Thinopyrum intermedium and Aegilops
As the clade consisting of Th. intermedium sequences plus five Aegilops species is supported only moderately (Figure 2), the statement that Th. intermedium contains genetic material derived from Aegilops must be considered as provisional. Remarkably, neither Triticum/Aegilops clades in GBSSI-based phylogenies presented elsewhere [e.g., [25, 26, 75]] form tight, strongly supported groups, which is likely caused by the fact that neither Triticum, Aegilops nor Triticum + Aegilops are monophyletic . Early investigations [9–11] advanced the hypothesis that Th. intermedium has at least one genome homologous with one of the Triticum genomes. Since Triticum aestivum L. is an allohexaploid constituting of one Triticum genome and two different genomes derived from Aegilops , it is possible that it was one of Aegilops which represented the homologous genome. As noted before, however, early works, in which chromosome pairing data (at high ploidy levels in particular) were used as exclusive evidence for or a measure of genomic relationships, must be interpreted with a great deal of caution. Up to now, the presence of neither Triticum nor Aegilops within the genome of Th. intermedium has been reported based on any more sophisticated approach.

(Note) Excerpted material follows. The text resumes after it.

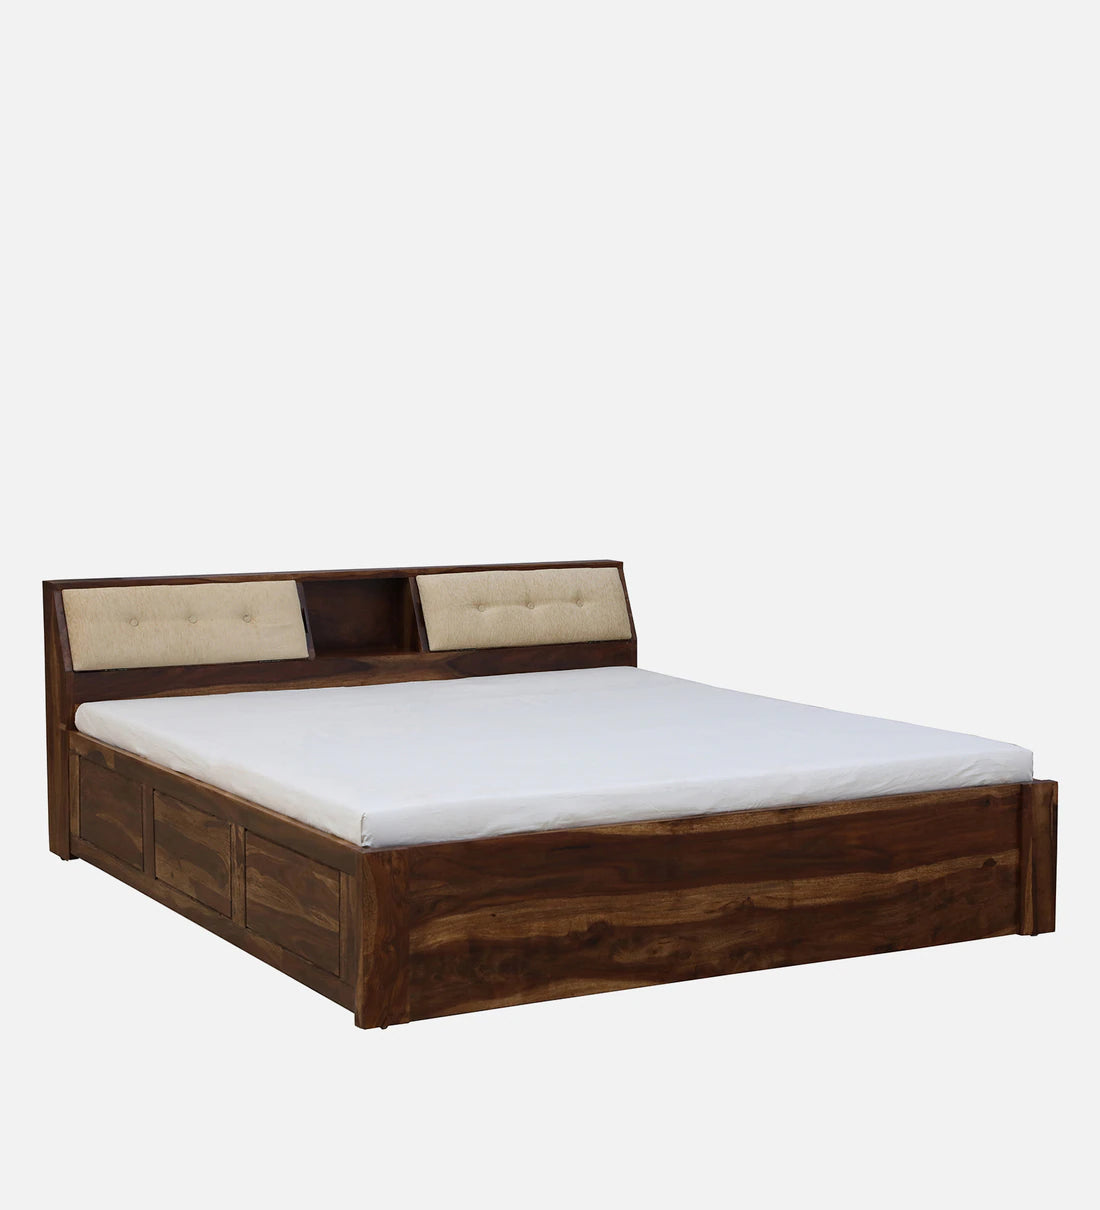 Sheesham Wood King Size Bed In Scratch Resistant Rustic Teak Finish With Box Storage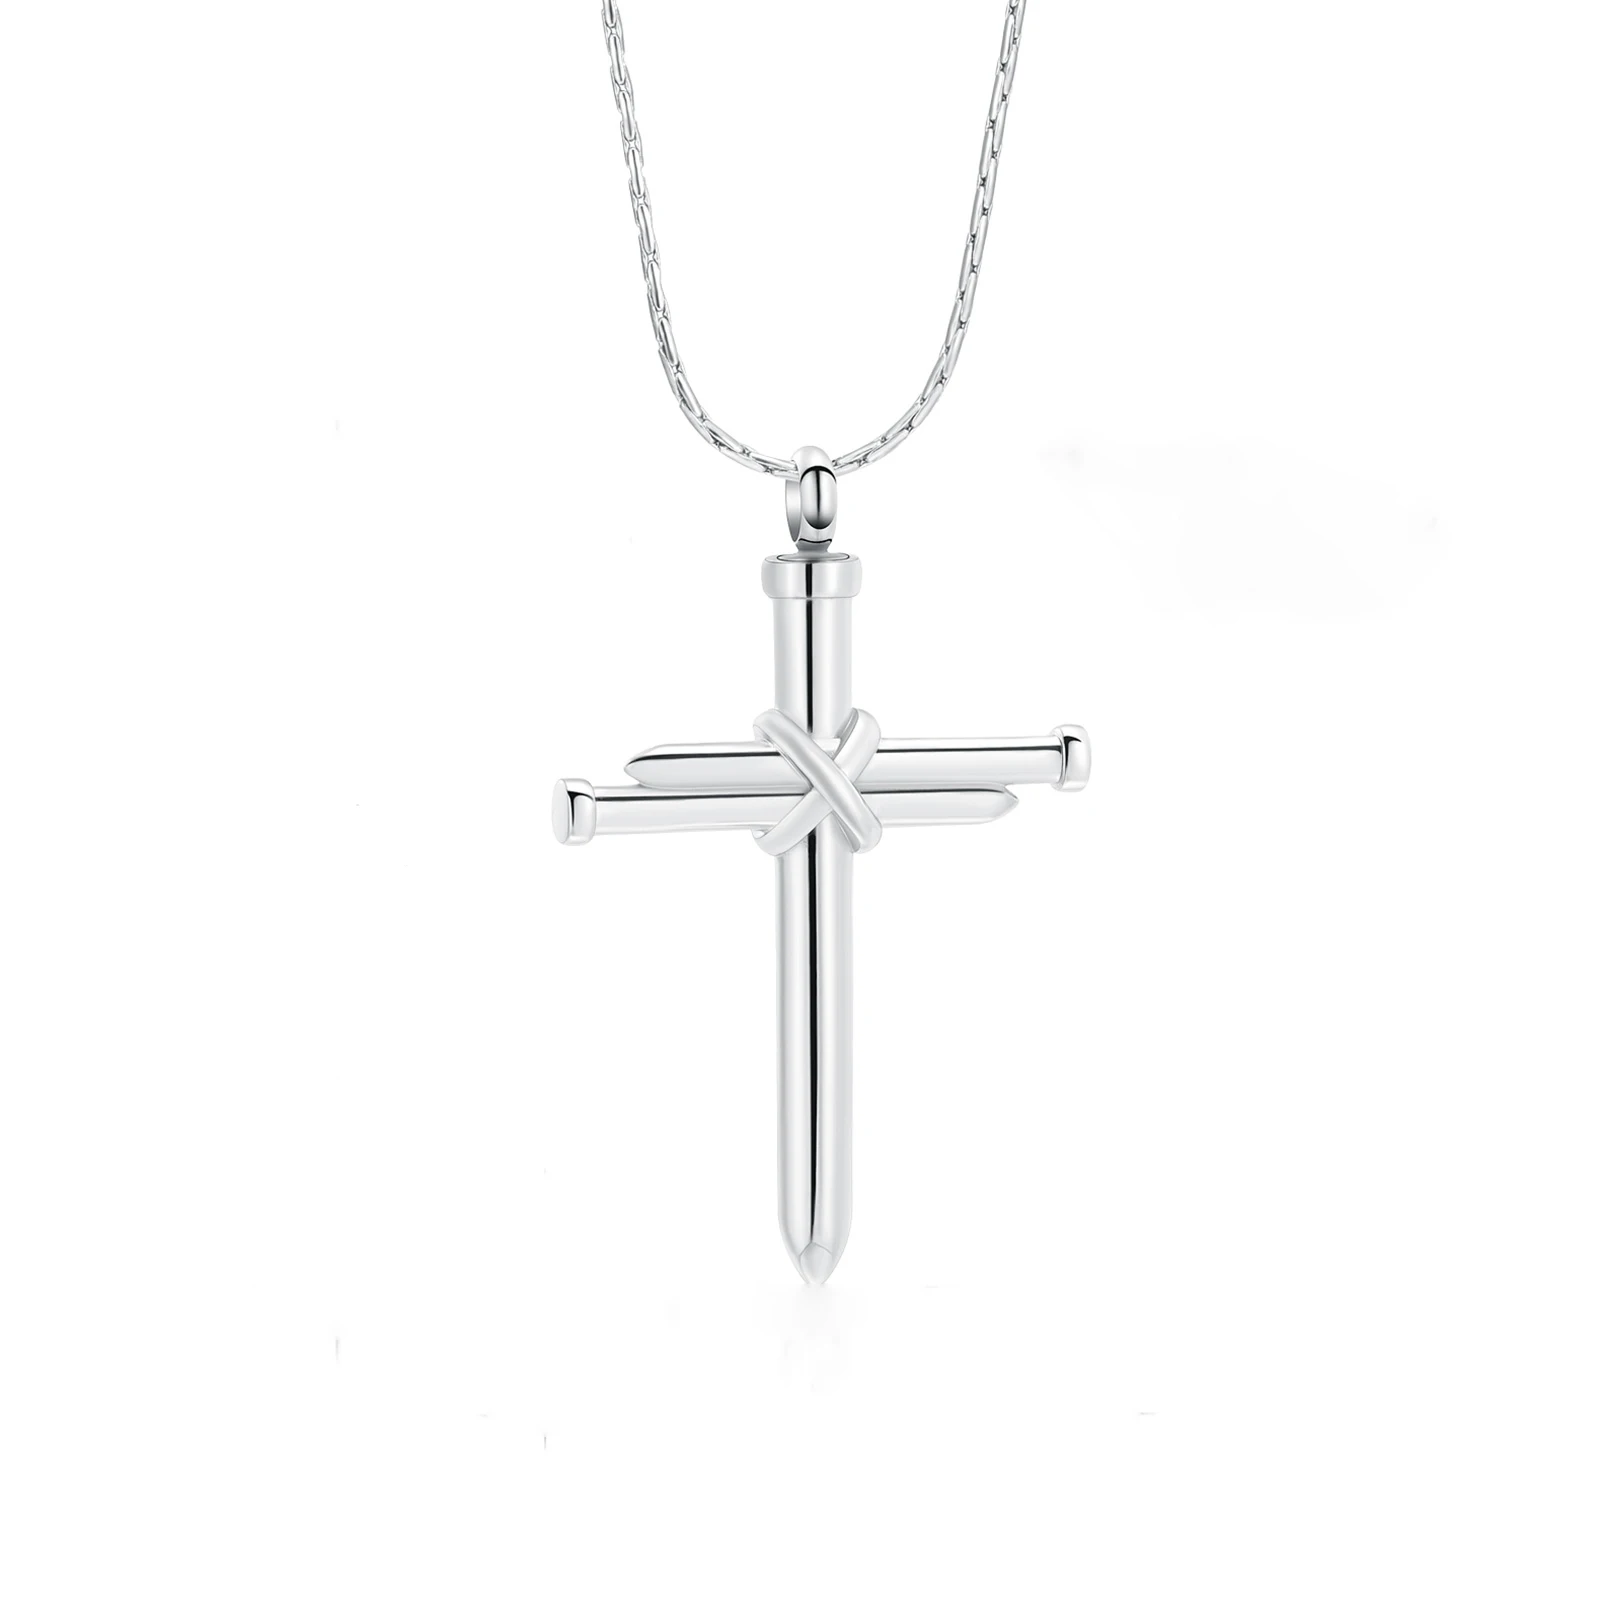 Nail Cross Pendant New Fashion Design Necklace Cremation Jewelry Memorial Ashes Holder Urn Personalized Men's Necklace Gift

While the identity of Pseudoroegneria- and Dasypyrum-derived subgenomes seems to be relatively straightforward based on the combined GBSSI and GISH data, the identity of the third subgenome remains unresolved satisfactorily. GBSSI sequences suggest the contribution from Thinopyrum and Aegilops to the accessions studied, placing these two among possible donors. Similarly, GISH with Th. elongatum, T. caput-medusae and A. tauschii probes produced overlapping signal on one chromosome set (Figure 3a-d). Possibly, the level of divergence among Th. elongatum, T. caput-medusae and A. tauschii is below the detection threshold of in situ hybridization in this case, making unambiguous identification of the subgenome impossible. If we set aside contribution from Taeniatherum (discussed above), the most parsimonious explanation of the origin of the third subgenome is its hybridogenous origin. Possibly, the progenitor was an ancient hybrid or introgressant between species close to Aegilops and Thinopyrum. Such an ancient origin of Th. intermedium (or at least of some of its subgenomes) could then also explain why some of the GBSSI copies did not group tightly with its presumed progenitors in phylogenetic analyses. This may indicate that some of the ancestors no longer exist or that the allopolyploidization happened so long ago that the genes within Th. intermedium have already diverged.